Sunday, November 14, 2010

Soot: Chapter One

Soot is an old-fashioned children's story in which resourceful lass goes on a quest accompanied by enigmatic familiar. In fact most of the creatures and people she encounter turn out to be a little less trustworthy than they at first appear: fortunately her life has taught her to be wary, but is she wary enough?.

1

The strangest thing was that she wasn't frightened, not at all, not at first. Though it was hard to say when 'at first' had actually been. Did it begin when her father left her alone in the little old house on the mouth of the firth?

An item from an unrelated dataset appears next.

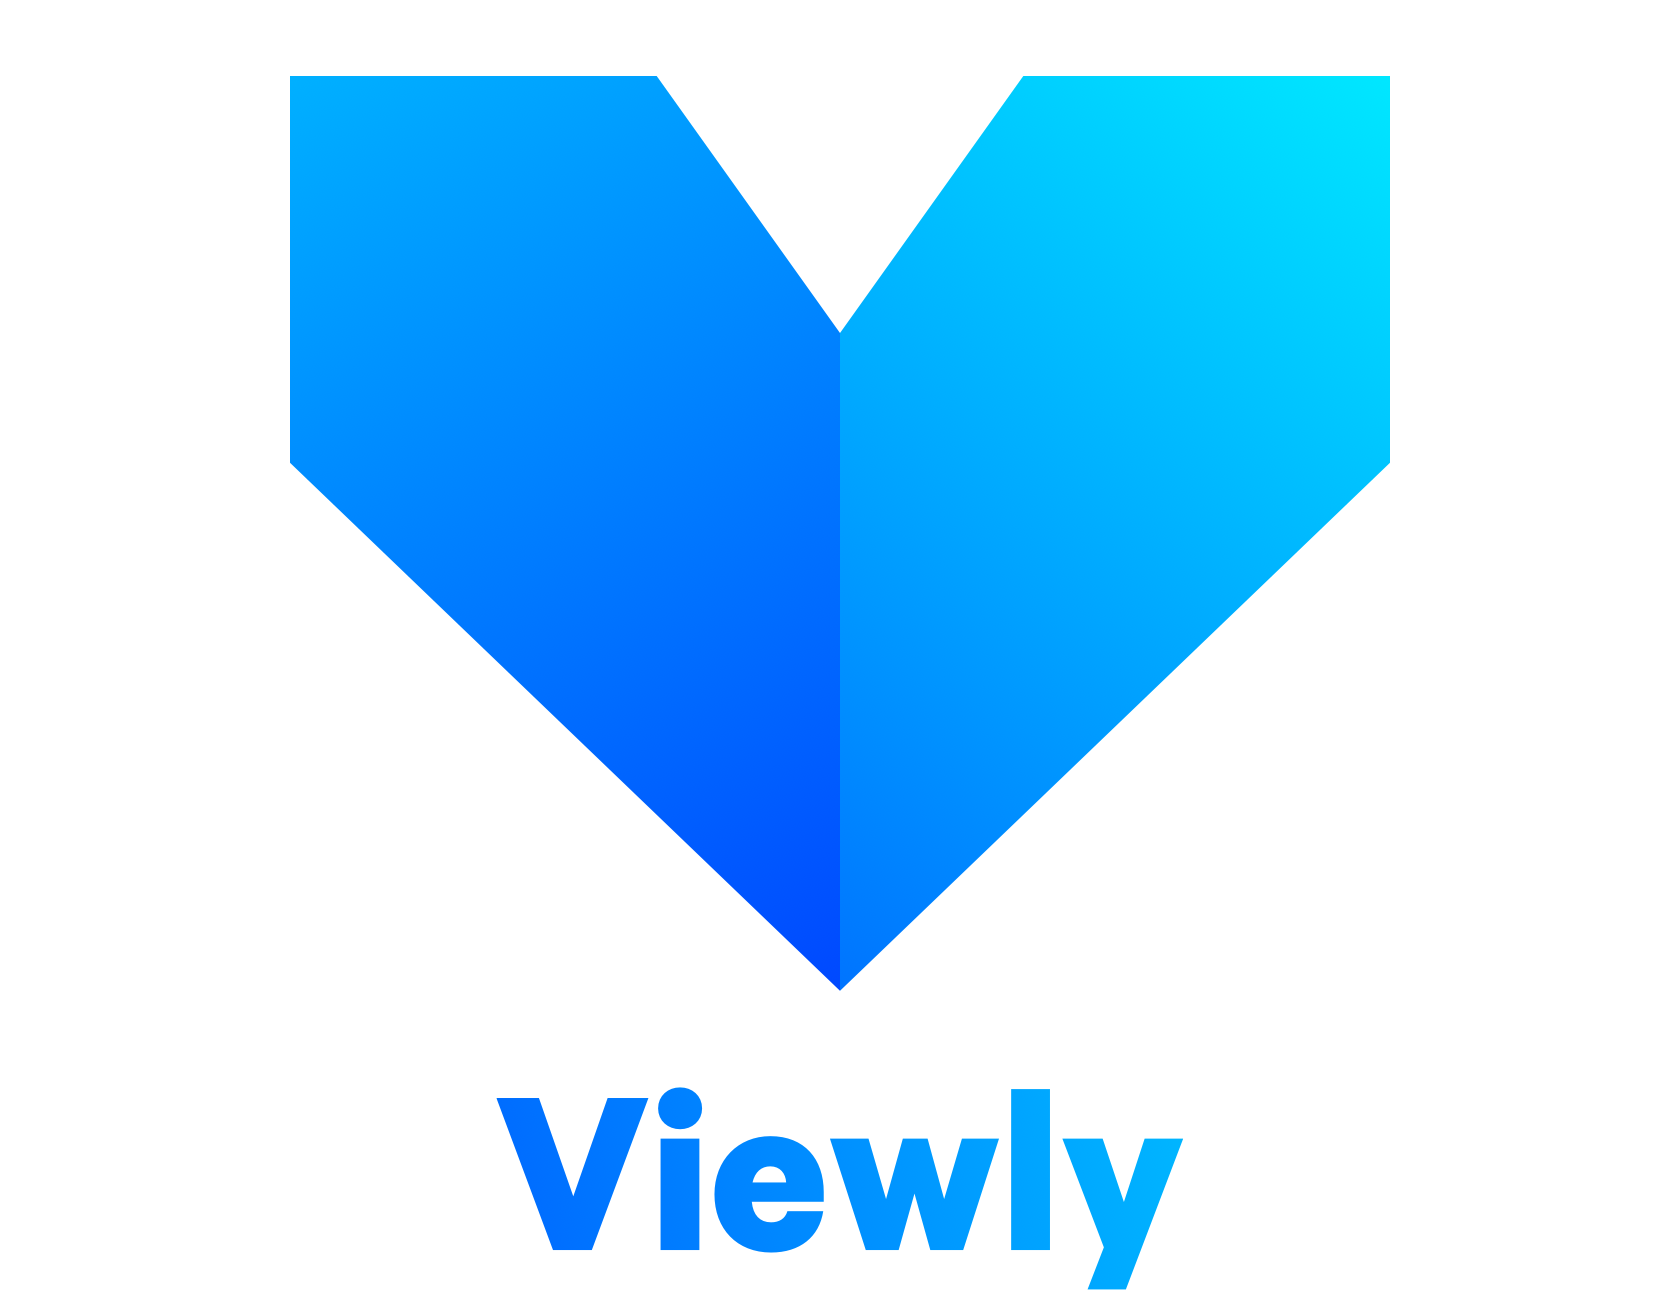 View ICO. View ly

Or did it really start before that, when her mother left both of them. Certainly, the first incident dated from his mad dash to patch things up, when it was perfectly obvious that her mother was never coming back.

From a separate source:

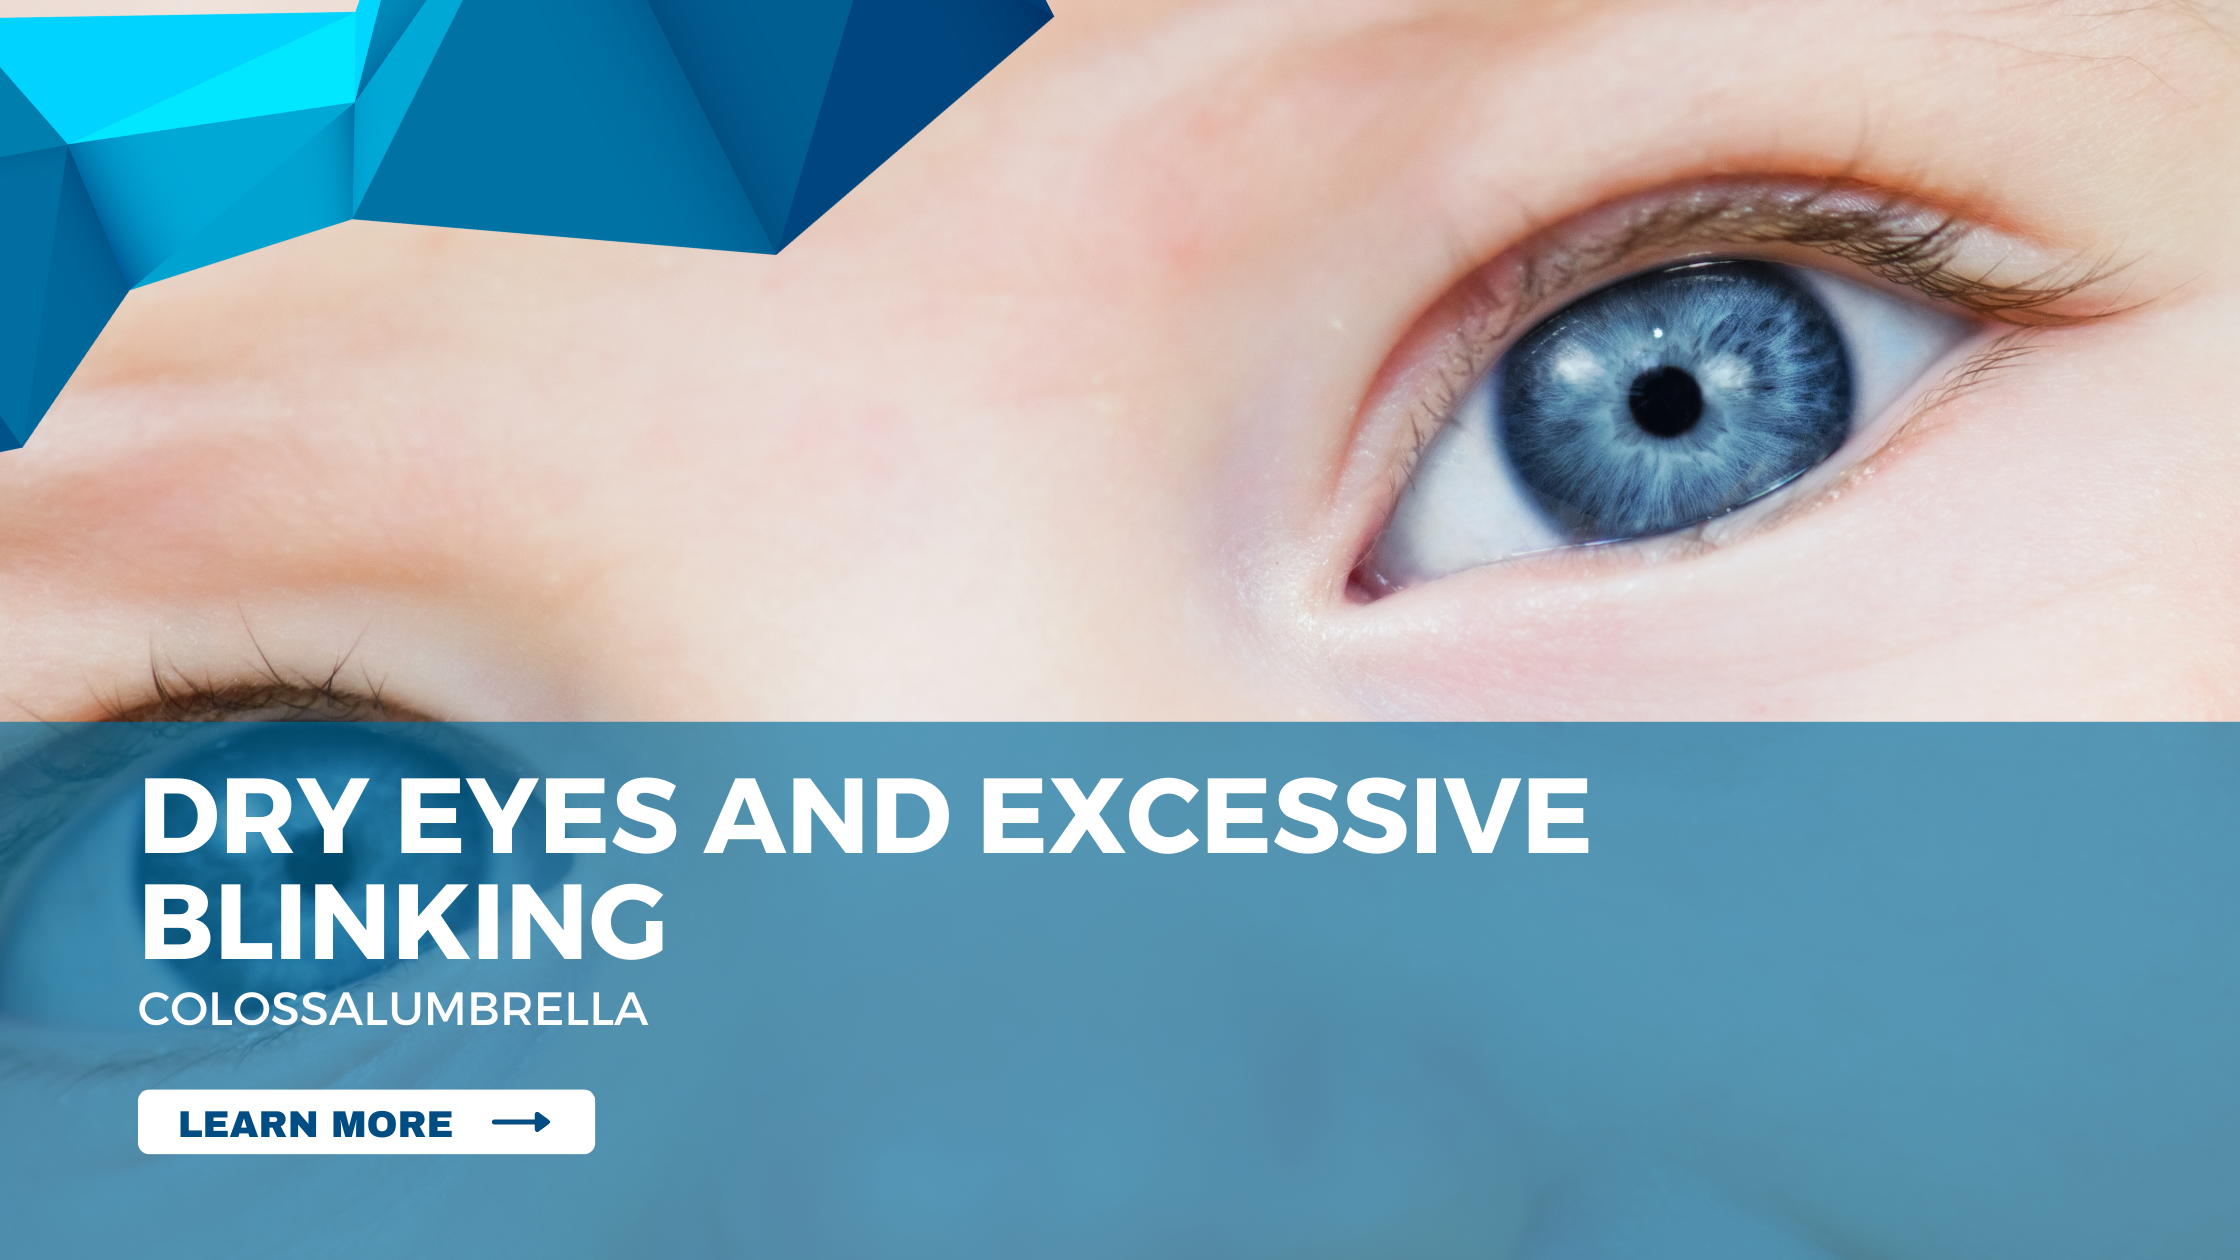 Child dry eyes blinking – Symptoms and Treatments

She'd been perfectly calm that morning when she had read the scribbled note on the kitchen table: 'Got a text from yr mum. Wants to sort things out. Back soonest. Love, Dad.'

He'd obviously driven off at midnight again, drunk probably. She'd made herself a cup of tea and boiled an egg while she studied the note. What exactly are 'things', anyway? Not, apparently, clothes or books or plates or pans or furniture, which both parents left wherever they were, whenever they moved, which had been every three to four years for as long as she could remember.

She'd sighed, and resigned herself to a spell alone in this latest unfamiliar house with its draughty-panelled front room and its creepy landing with too many doors. (One was only a cupboard, but when you went to the toilet in the middle of the night you could never remember which.)

Then there was the tree that stared in through the window in her loft bedroom, with those shapes in its branches you couldn't help but see when you lay there and couldn't sleep. And she wouldn't sleep -- he could be gone a week, he had been in the past, on other hare-brained schemes, though at least in the past her mother had still been around.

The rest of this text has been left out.